WHAT IS REQUIRED: Transcribe exactly, and only, the lines running from the one that contains "Princezna Beatrice a její snoubenec Edoardo" through the last line of the material. No pictures.

DATA EXTRACT:
:::::
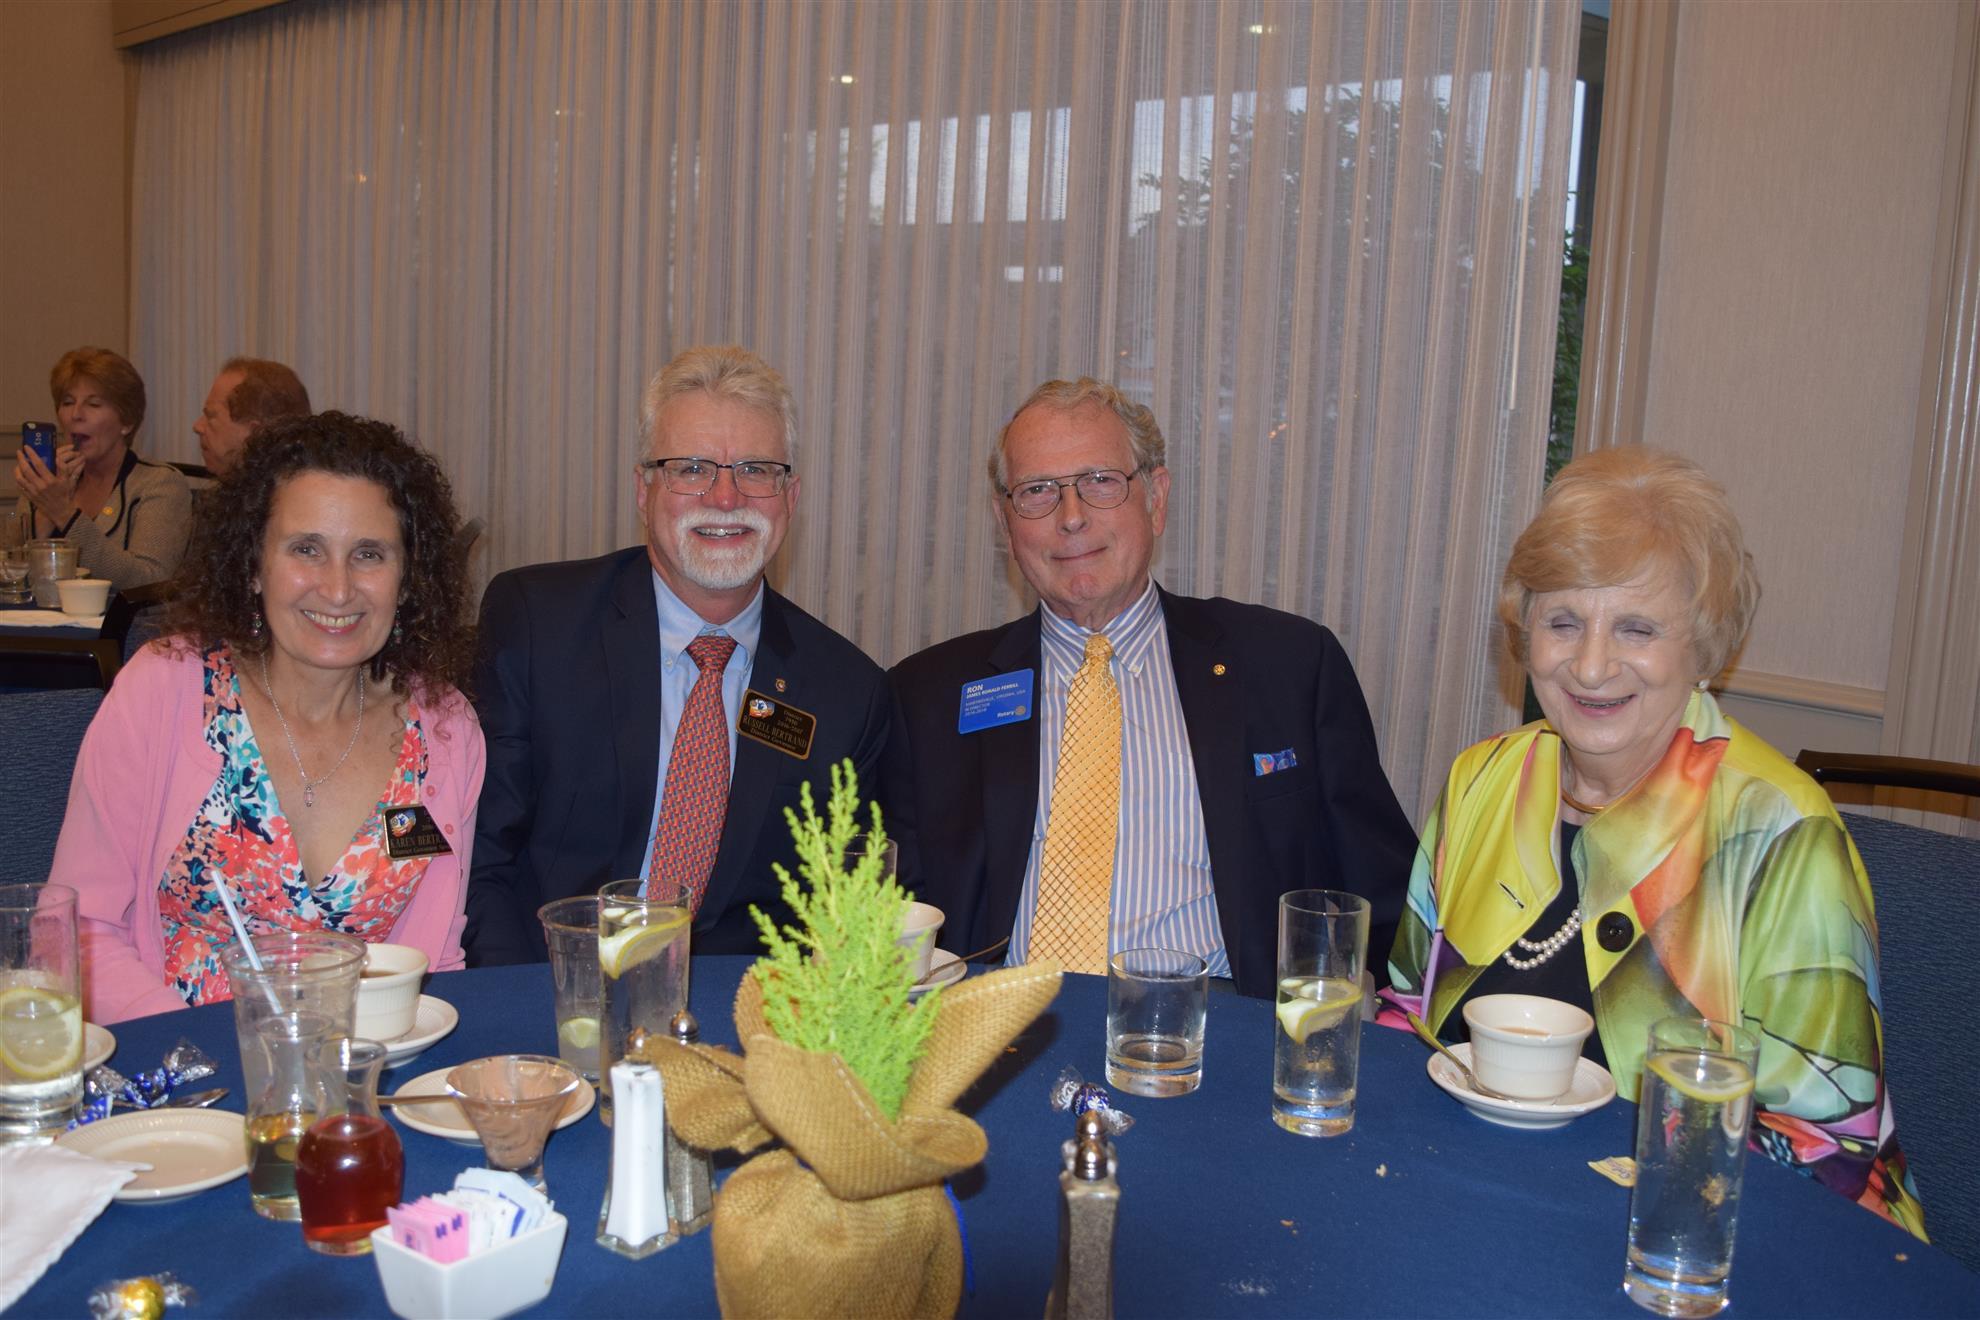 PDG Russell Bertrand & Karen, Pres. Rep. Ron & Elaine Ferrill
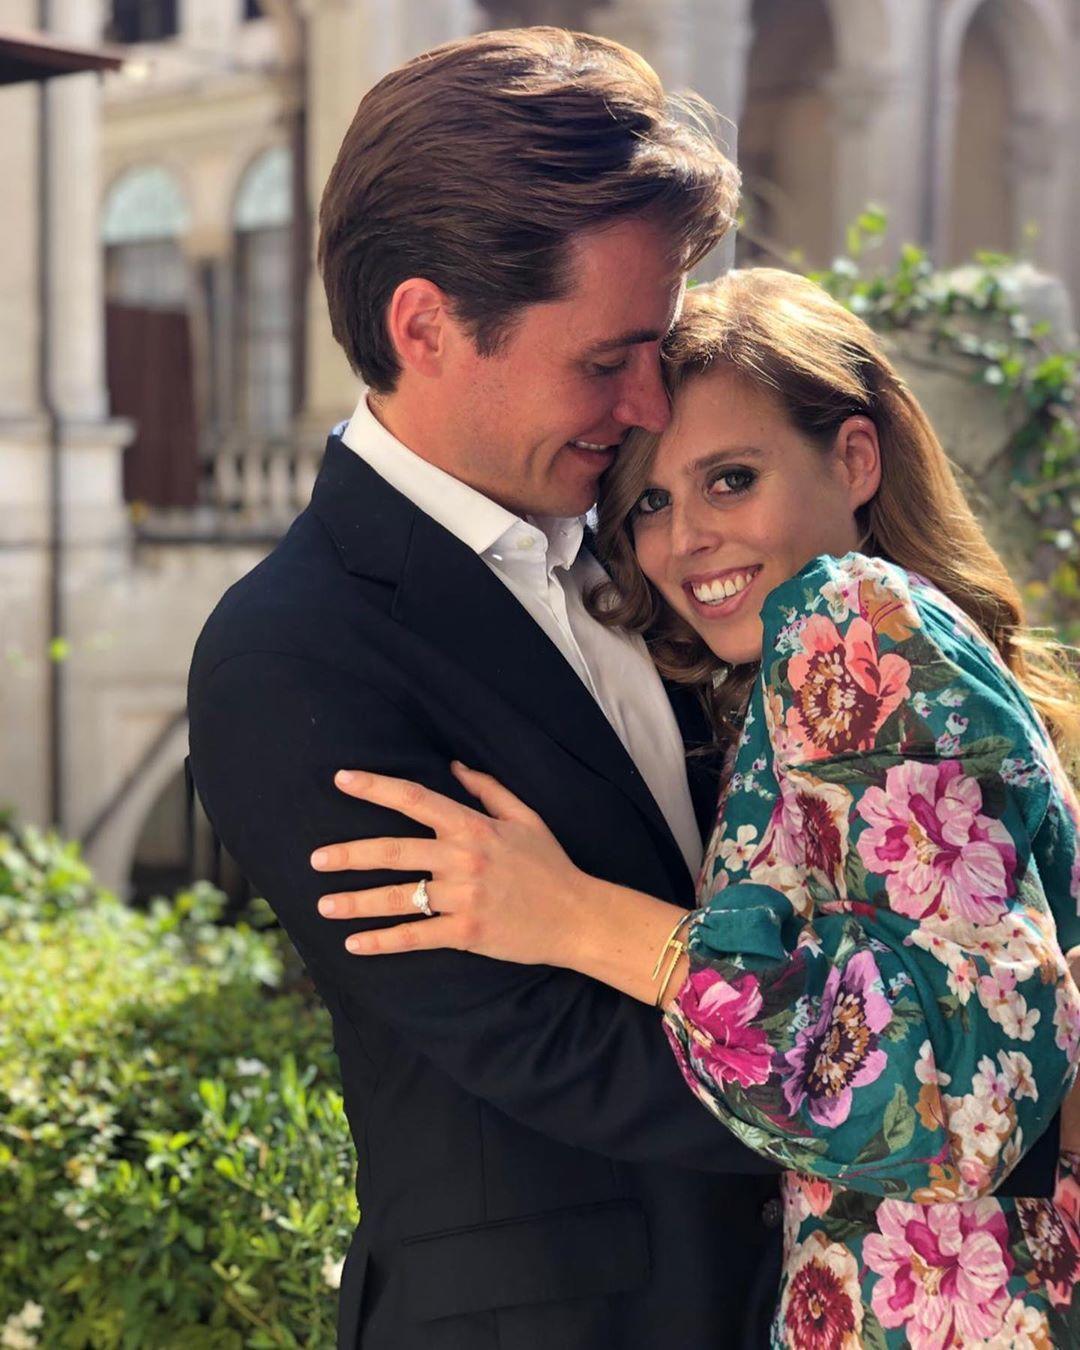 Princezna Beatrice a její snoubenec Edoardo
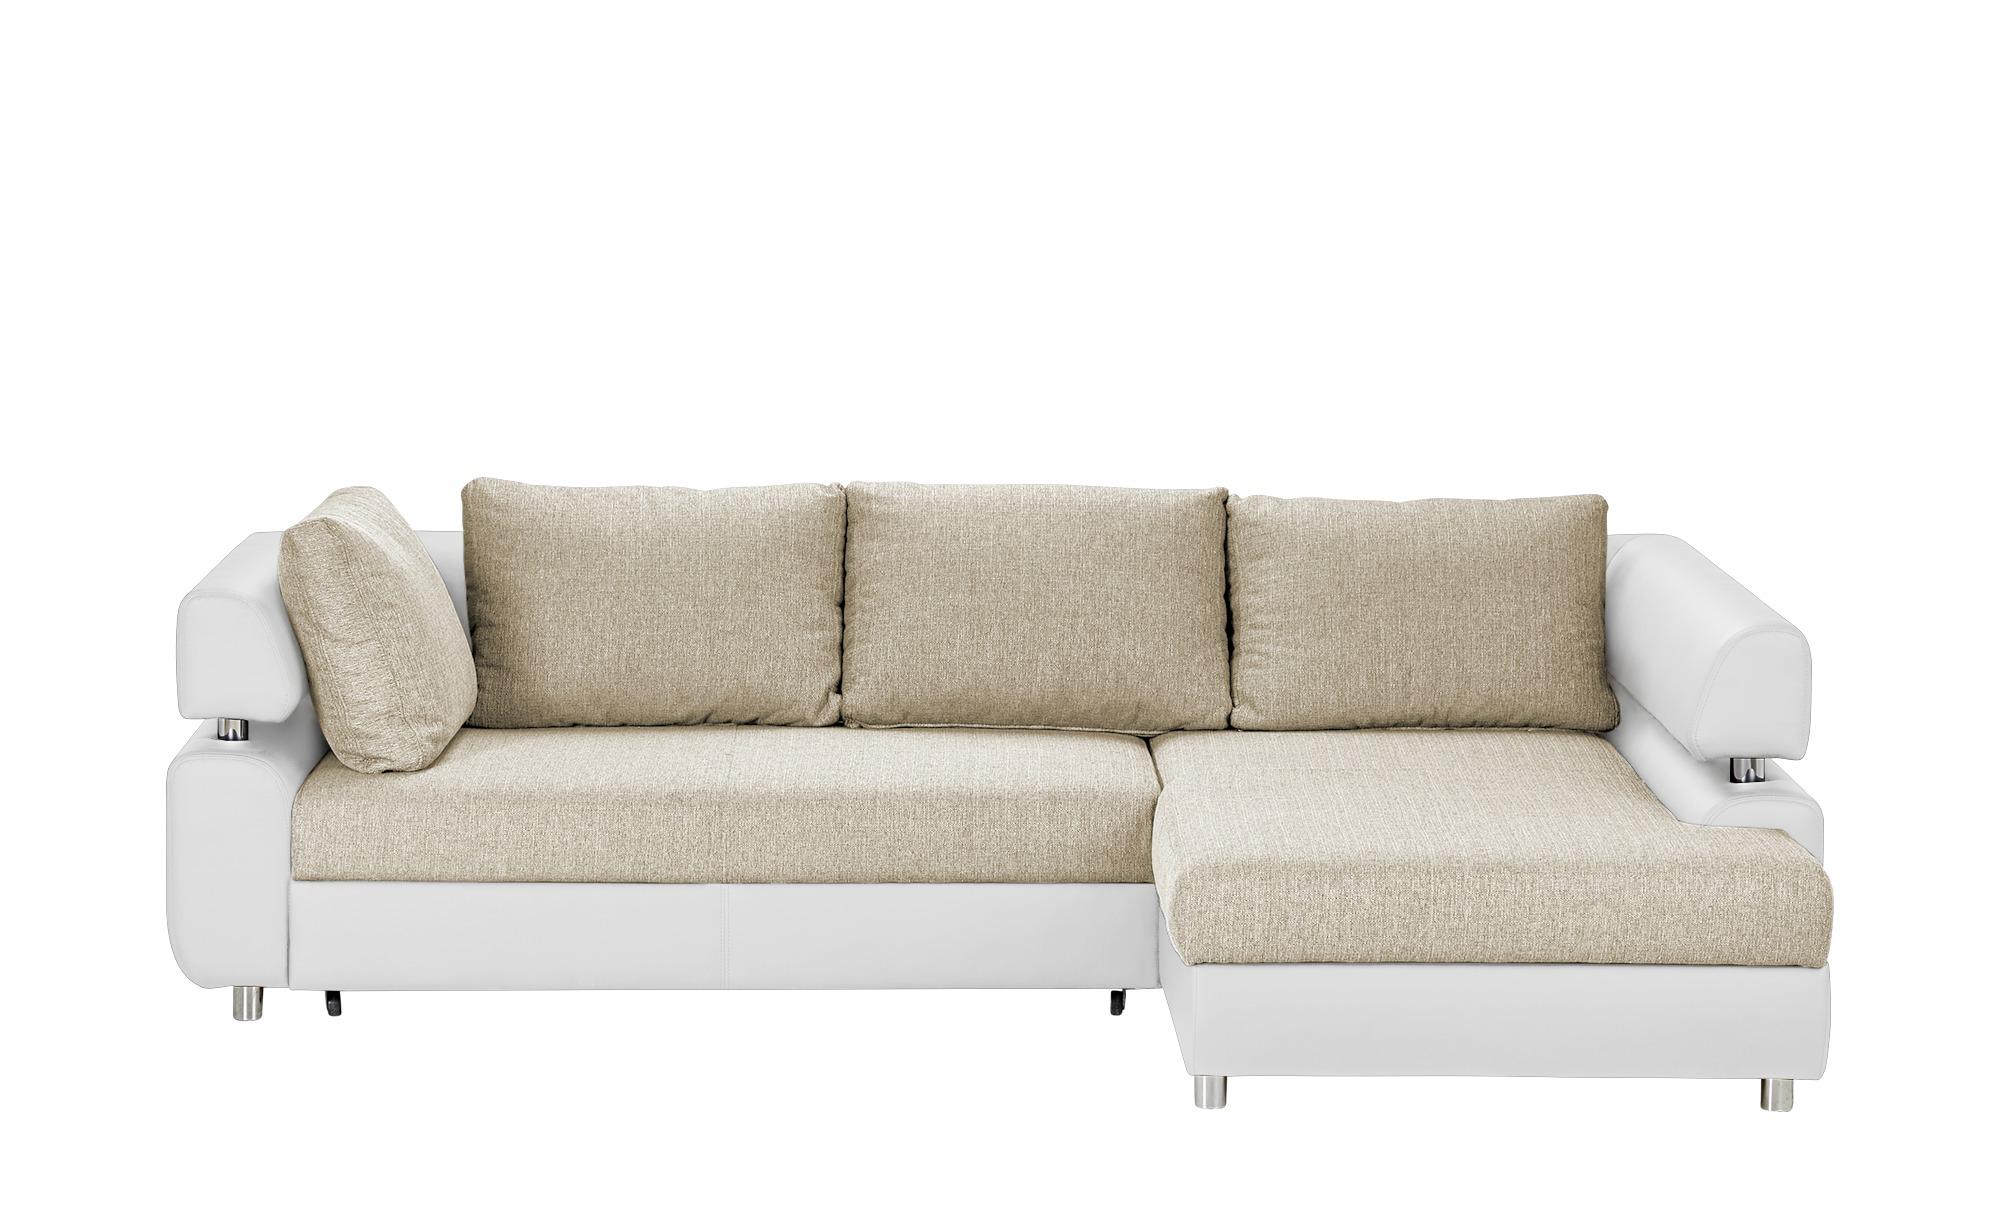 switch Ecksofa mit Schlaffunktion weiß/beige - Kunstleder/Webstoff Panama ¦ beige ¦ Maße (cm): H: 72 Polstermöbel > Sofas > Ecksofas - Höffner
:::::
RESPONSE:
 Princezna Beatrice a její snoubenec Edoardo
 switch Ecksofa mit Schlaffunktion weiß/beige - Kunstleder/Webstoff Panama ¦ beige ¦ Maße (cm): H: 72 Polstermöbel > Sofas > Ecksofas - Höffner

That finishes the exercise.